Citations sur Oeuvres 02 : Poésie (38)
L'air maintenant, parfois, semble porter,
tremblante, une charge invisible.
Mais nous, il faut que nous nous contentions
du visible ; si grand que soit notre désir,
d'atteindre, derrière les jours et la vie,
Jusqu'à ce souffle imprégné de retour.
Comment peut-il, le lointain, être si proche
et ne pas approcher pourtant ? pas jusqu'ici ?
Un jour déjà ce fut pareil. Mais sans,
timide, épars dans le vent, ce bonheur
d'avant-printemps. Peut-être le très-grand n'a-t-il
nul droit d'approcher plus : ainsi croîtrait l'année.

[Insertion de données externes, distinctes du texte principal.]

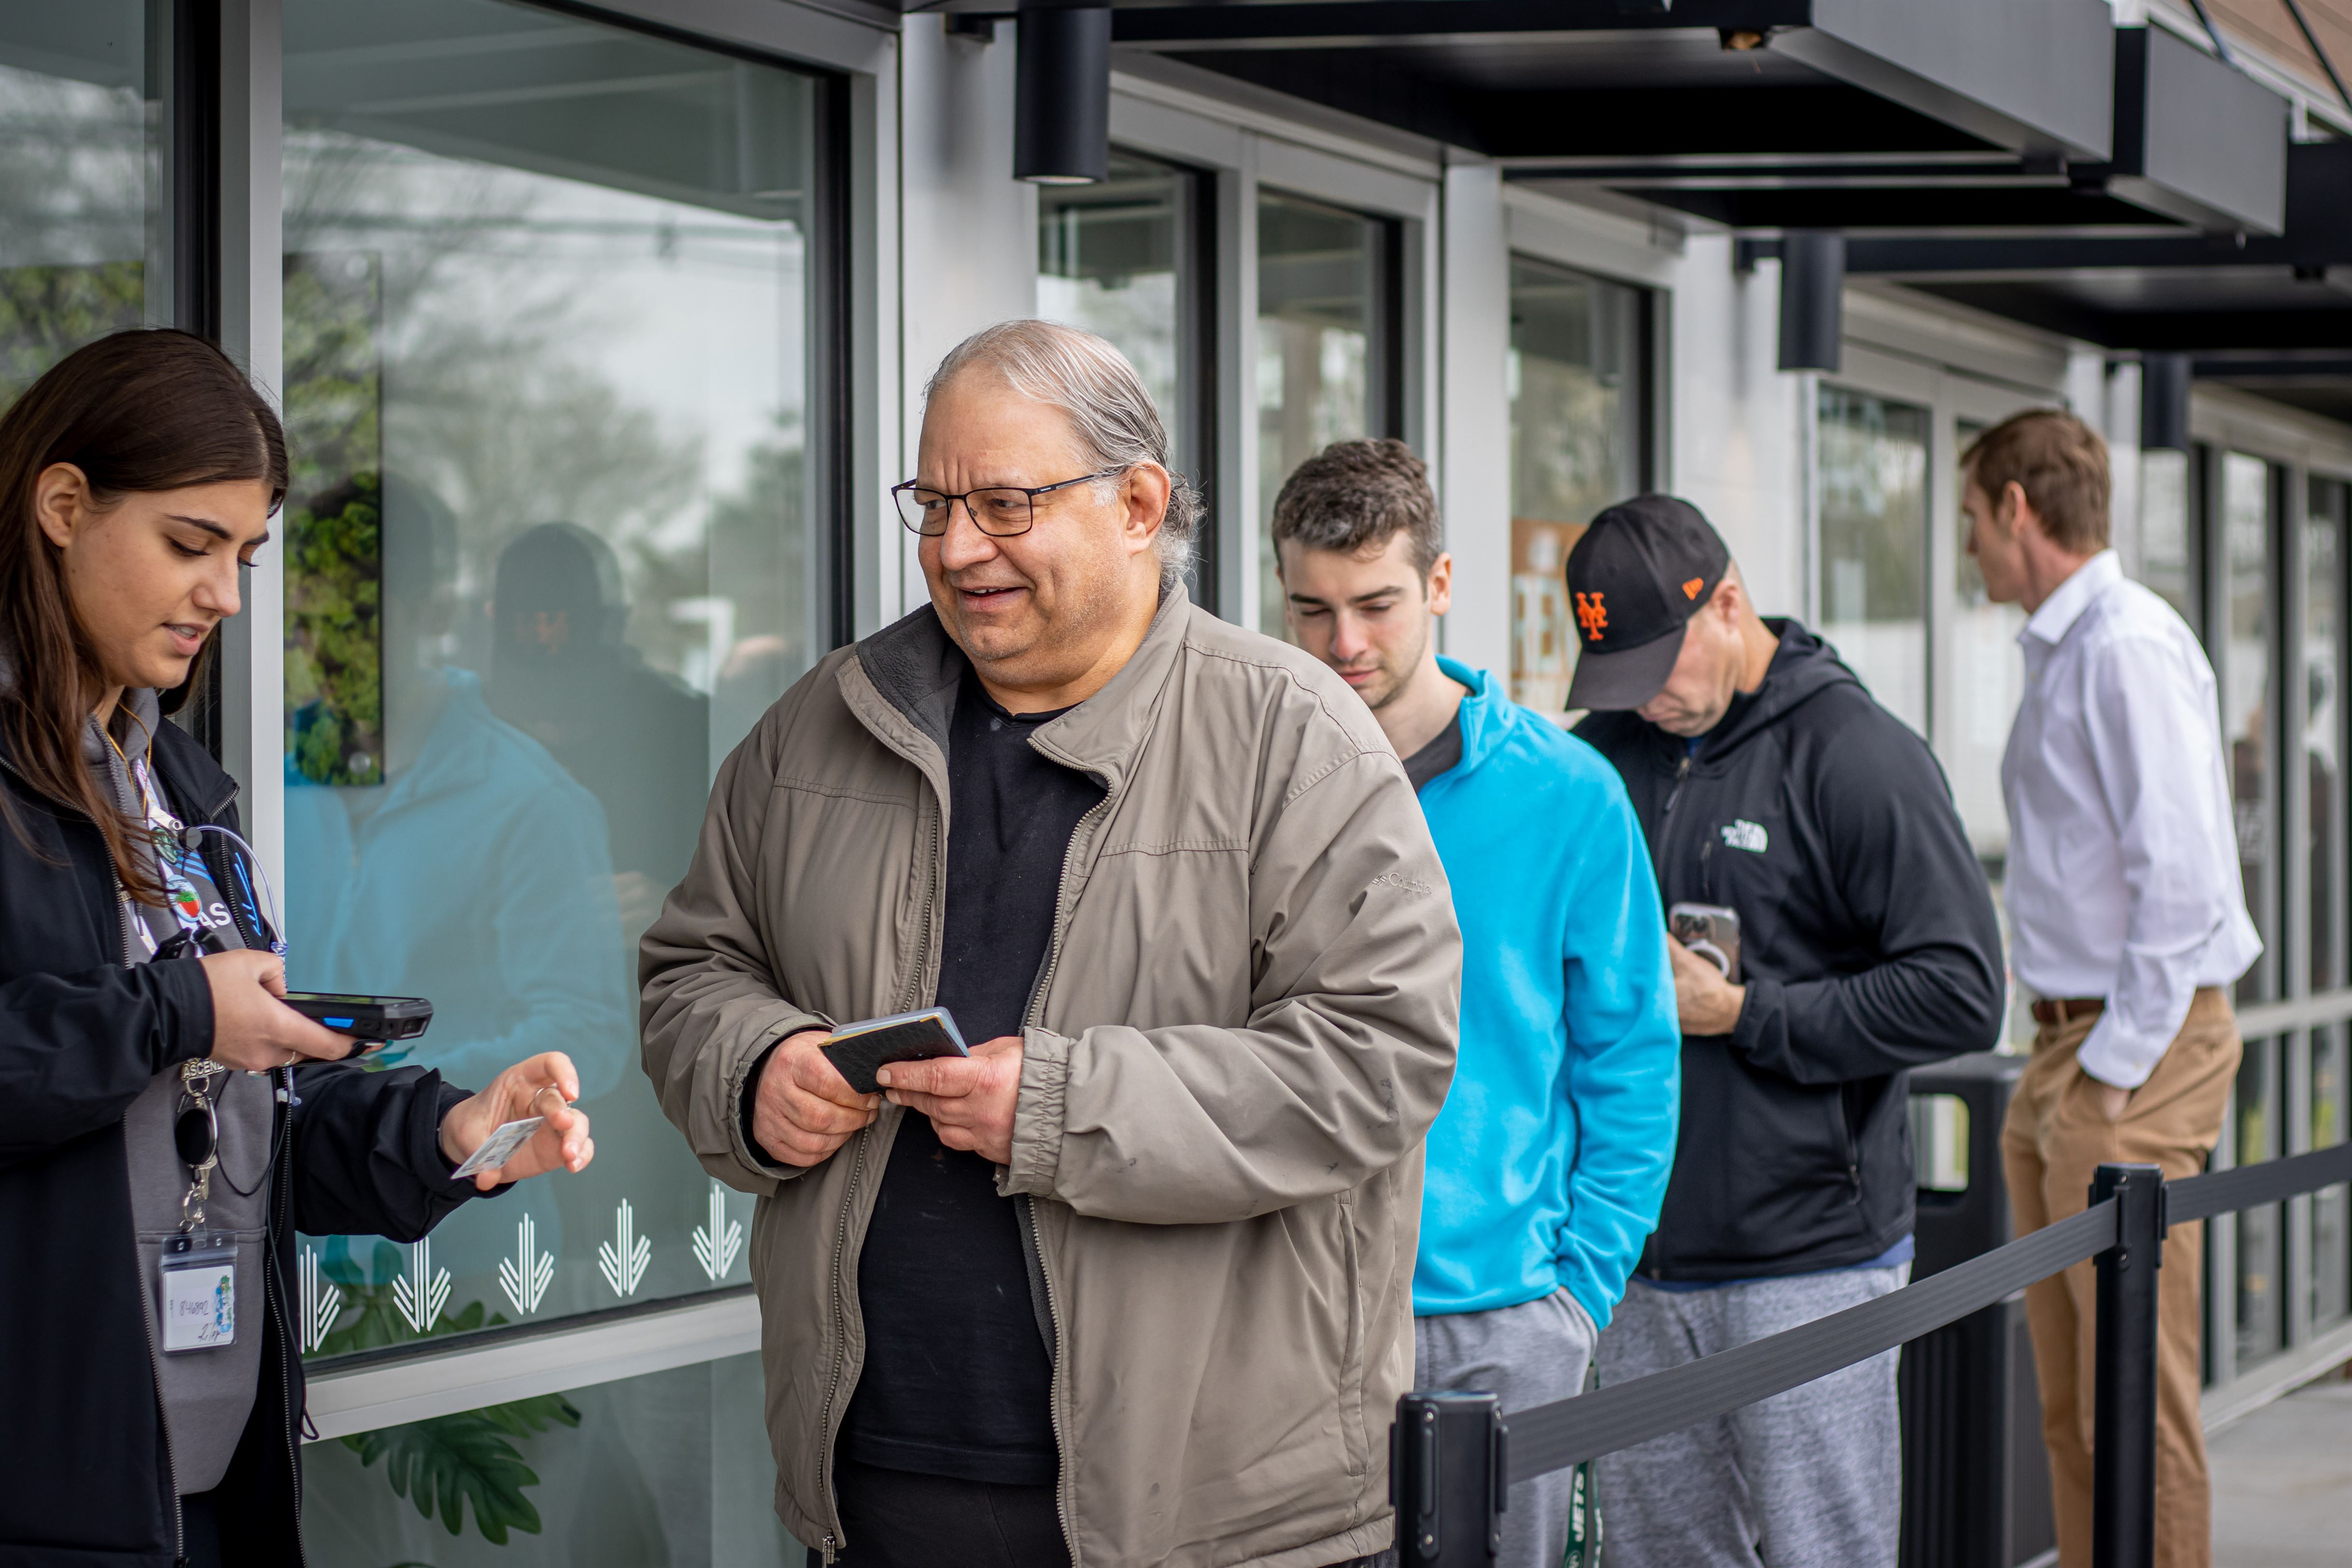 Costumers wait as they have their ID checked and scanned before entering the store. John LaRosa | The Montclarion
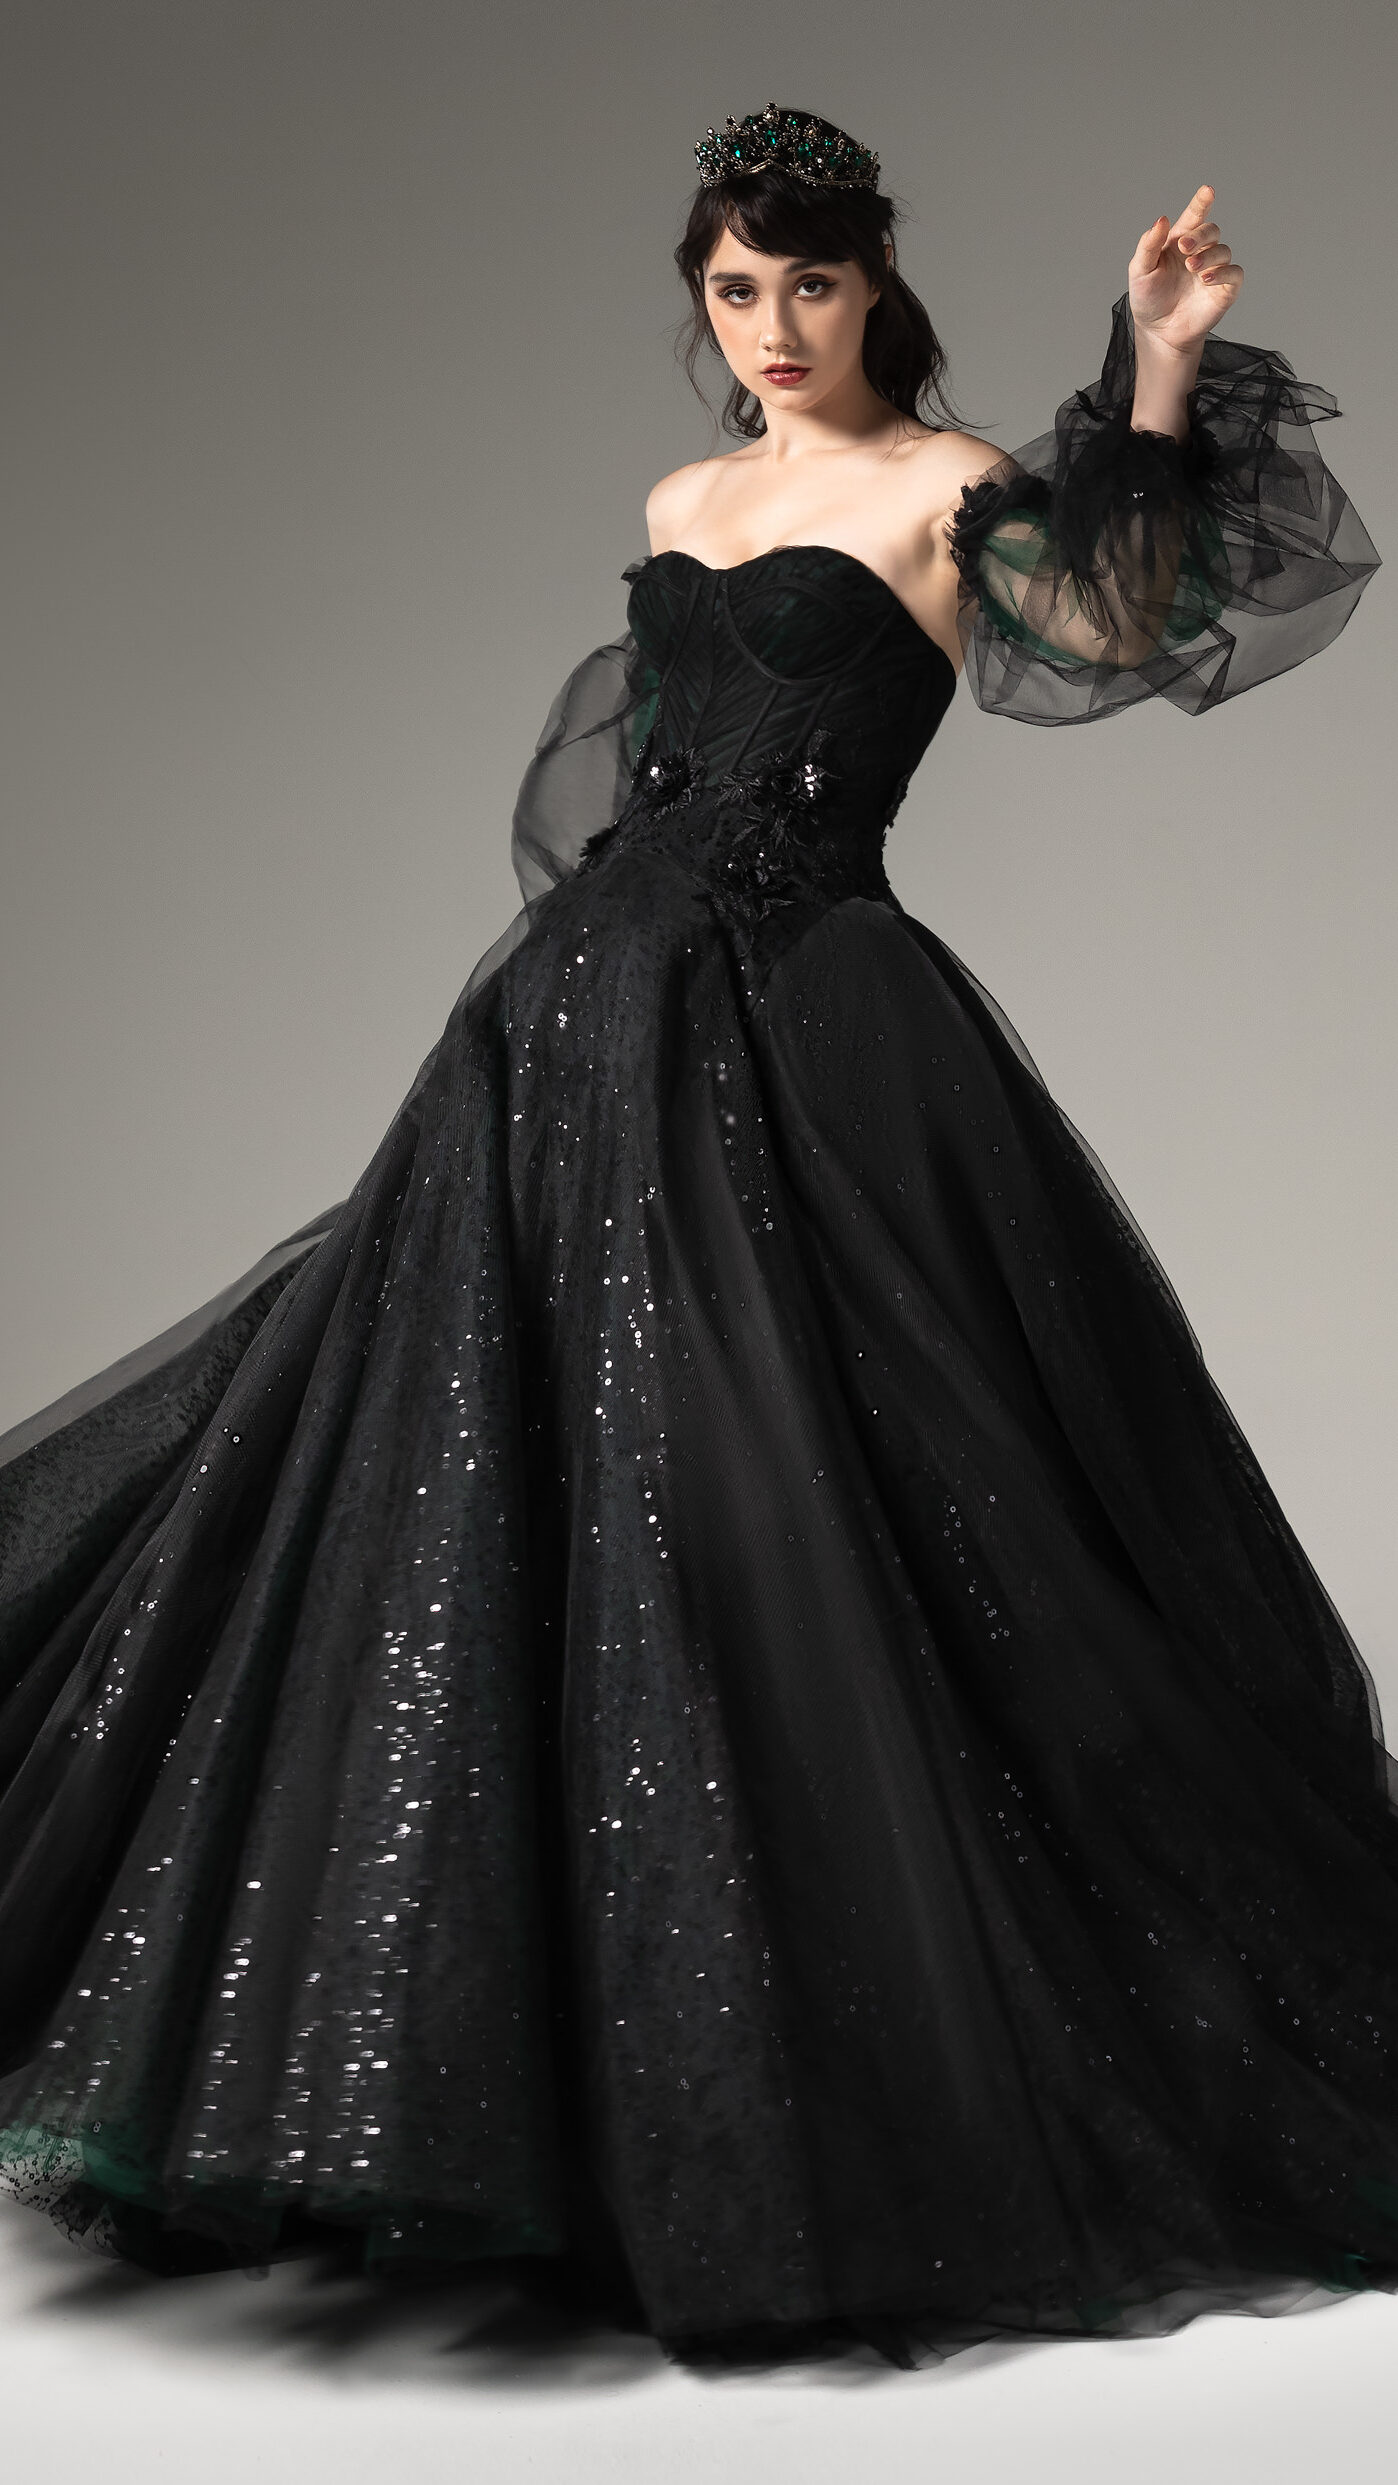 Black Wedding Dresses by Cocomelody 2022 -CW2506 | COLETTE

Ainsi l'âme croîtrait, quand monte la saison
de l'âme... Nous ne sommes rien de cela.
Par le lointain, ici, nous sommes arrachés,
élevés et à distance anéantis.
LES ROSES
23
Rose, venue très tard, que les nuits amères arrêtent
par leur trop sidérale clarté,
rose, devines-tu les faciles délices complètes
de tes sœurs d’été ?
Pendant des jours et des jours je te vois qui hésites
dans ta gaine serrée trop fort.
Rose qui, en naissant, à rebours imites
les lenteurs de la mort.
Ton innombrable état te fait-il connaître
dans un mélange où tout se confond,
cet ineffable accord du néant et de l’être
que nous ignorons ?
LES ROSES
22
Vous encor, vous sortez
de la terre des morts,
rose, vous qui portez
vers un jour tout en or
ce bonheur convaincu.
L’autorisent-ils, eux
dont le crâne creux
n’en a jamais tant su ?
LES ROSES
19
Est-ce en exemple que tu te proposes ?
Peut-on se remplir comme les roses,
en multipliant sa subtile matière
qu’on avait faite pour ne rien faire ?
Car ce n’est pas travailler que d’être
une rose, dirait-on.
Dieu, en regardant par la fenêtre,
fait la maison.
LES ROSES
18
Tout ce qui nous émeut, tu le partages.
Mais ce qui t’arrive, nous l’ignorons.
Il faudrait être cent papillons
pour lire toutes tes pages.
Il y en a d’entre vous qui sont comme des dictionnaires ;
ceux qui les cueillent
ont envie de faire relier toutes ces feuilles.
Moi, j’aime les roses épistolaires.
LES ROSES
17
C’est toi qui prépares en toi
plus que toi, ton ultime essence.
Ce qui sort de toi, ce troublant émoi,
c’est ta danse.
Chaque pétale consent
et fait dans le vent
quelques pas odorants
invisibles.
O musique des yeux,
toute entourée d’eux,
tu deviens au milieu
intangible.
LES ROSES
16
Ne parlons pas de toi. Tu es ineffable
selon ta nature.
D’autres fleurs ornent la table
que tu transfigures.
On te met dans un simple vase —,
voici que tout change :
c’est peut-être la même phrase,
mais chantée par un ange.
LES ROSES
15
Seule, ô abondante fleur,
tu crées ton propre espace ;
tu te mires dans une glace
d’odeur.
Ton parfum entoure comme d’autres pétales
ton innombrable calice.
Je te retiens, tu t’étales,
prodigieuse actrice.
LES ROSES
12
Contre qui, rose,
avez-vous adopté
ces épines ?
Votre joie trop fine
vous a-t-elle forcée
de devenir cette chose armée ?
Mais de qui vous protège
cette arme exagérée ?
Combien d’ennemis vous ai-je enlevés
qui ne la craignaient point.
Au contraire, d’été en automne,
vous blessez les soins
qu’on vous donne.
LES ROSES
10
Amie des heures où aucun être ne reste,
où tout se refuse au cœur amer ;
consolatrice dont la présence atteste
tant de caresses qui flottent dans l’air.
Si l’on renonce à vivre, si l’on renie
ce qui était et ce qui peut arriver,
pense-t-on jamais assez à l’insistante amie
qui à côté de nous fait son œuvre de fée.